2012-11-21 08:31:13 < Skyler_> AHHHH I see what happened.
2012-11-21 08:31:22 < Skyler_> It said richland, I googled richland, I saw "richland is kaveri, okay"
2012-11-21 08:31:40 < Skyler_> but google seems to say that Richland *is* Kaveri?
2012-11-21 08:31:43 < Skyler_> aka Steamroller?
2012-11-21 08:31:53 < Skyler_> "AMD's Kaveri-based Richland APU [...]"
2012-11-21 08:32:48 < kshishkov> hasn't AMD shifted to some incomprehencible alphanumeric IDs for their products instead of random codenames?
2012-11-21 08:32:50 < Skyler_> This whole thing is really confusing, there seems to be a lot of contradictory information and I'm not even sure what AMD themselves claim.
2012-11-21 08:33:11 < Skyler_> AMD really does seem to be a mess ._.
2012-11-21 08:34:03 < kshishkov> don't worry, there are rumours it might cease to exist soon
2012-11-21 08:35:12 < Skyler_> For those reading these logs, I'm pretty confident they just sent me a refresh of Bulldozer. Benchmarks show that this 3.2ghz 4-core chip is almost exactly 1/4 + 5% as fast as a 3ghz 16-core bulldozer I've benched on, so I'm pretty confident there's zero speed improvement here
2012-11-21 08:35:17 < Skyler_> Steamrolle would be faster.
2012-11-21 08:35:26 < BugMaster|work> there was slide at http://www.donanimhaber.com/islemci/haberleri/DH-Ozel-AMDnin-FX-islemci-ailesi-icin-2013te-guncelleme-gorunmuyor.htm that says that Richland is piledrive
2012-11-21 08:36:07 < Skyler_> It claims a 35W TDP though, which is extremely good -- I recall earlier that we were getting the same TDP off of ~2ghz parts, so it's probably the shrink.
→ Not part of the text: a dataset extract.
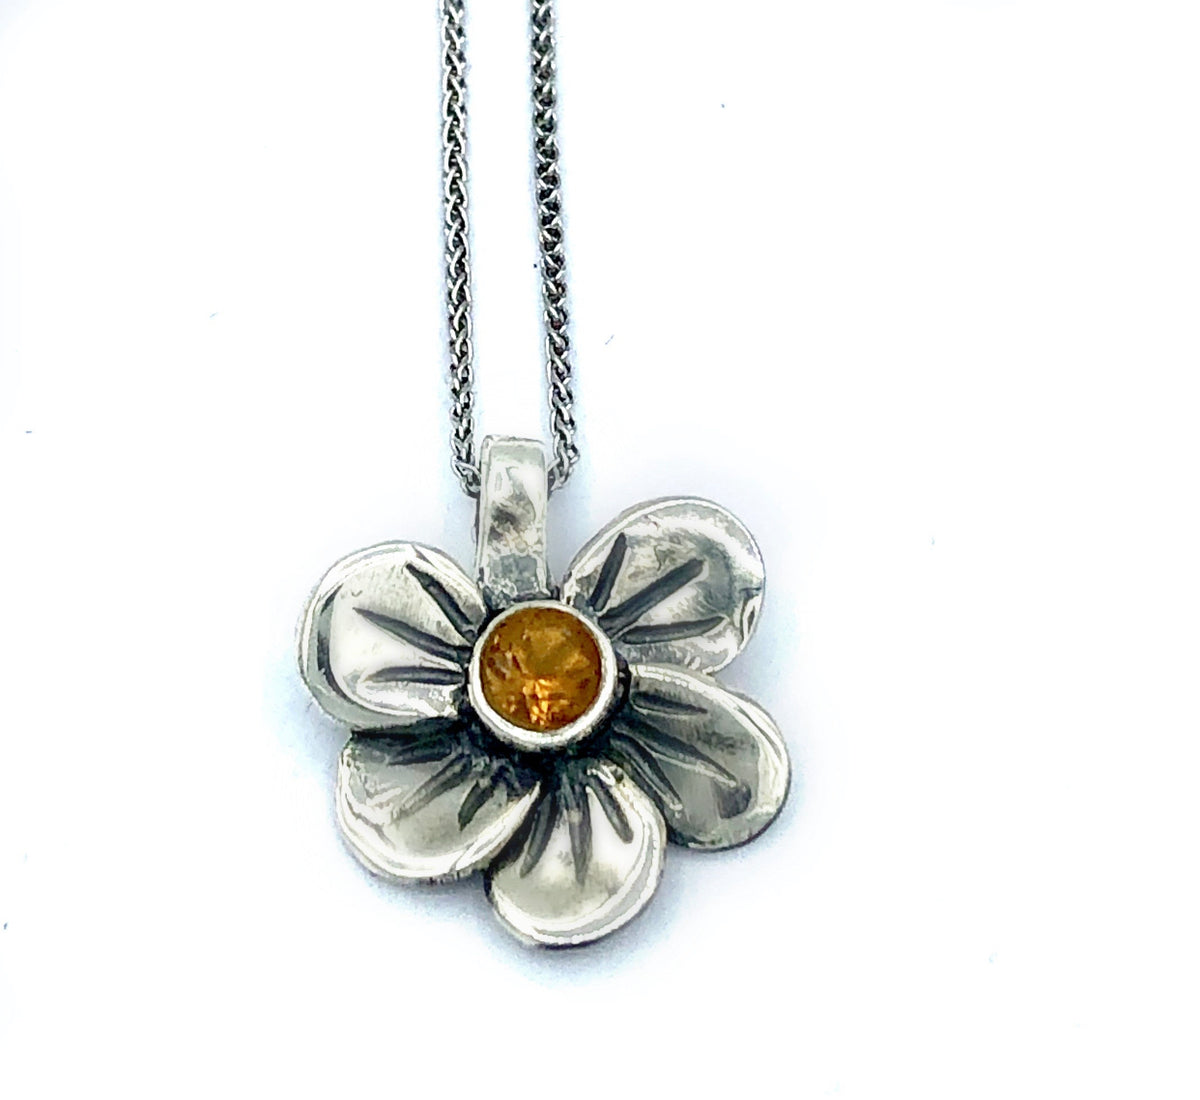 flower pendant silver with citrine gemstone

If Richland really can stay at 3.2 Ghz at 35W TDP loaded then that is quite a bit of and improvement over Trinity.

Any chance you'll be amending your thread title so as to more accurately reflect what this was all about?

Edit: nevermind, thanks OP for accommodating the request!
 
Last edited:

nismotigerwvu

Golden Member
May 13, 2004
1,568
33
91
Hold on there, you are comparing a cutdown product with disabled parts to a full one in terms of transistor count? Take a 6970 then, shrink it to 28nm. Add whatever speed you can up to 190W and see how it goes against a HD7870.

Without a shrink and its benefits, CGN doesnt look good at all.

He is making a comparison between pitcairin and cayman, and not really referring to cut down cards. http://www.anandtech.com/bench/Product/540?vs=548 are you seriously going to argue that the 7870 is slower here? Are you that confident that a ~5% bump in transistors and 100mhz would close that gap? Also, are you willing to completely rule out that GCN might actually scale better and reach higher clocks given equal fabrication versus what is essentially a 5 and a half year old architecture? AMD is a pretty easy target right now man, it's pretty tough to wiff that hard.
 

wlee15

Senior member
Jan 7, 2009
313
31
91
Any chance you'll be amending your thread title so as to more accurately reflect what this was all about?

Done

The Kabini ES looks pretty intriguing. It appears to be at 1.4 Ghz 1.7 Ghz turbo based on the OPN. So 4C 17W and it matches the low end 1.6Ghz 800mhz FSB Core 2 in single-thread in Cinebench R10 while matching a 2.6 Ghz Conroe Core 2 Duo, and a 2.8 Ghz Barcelona based Athlon II.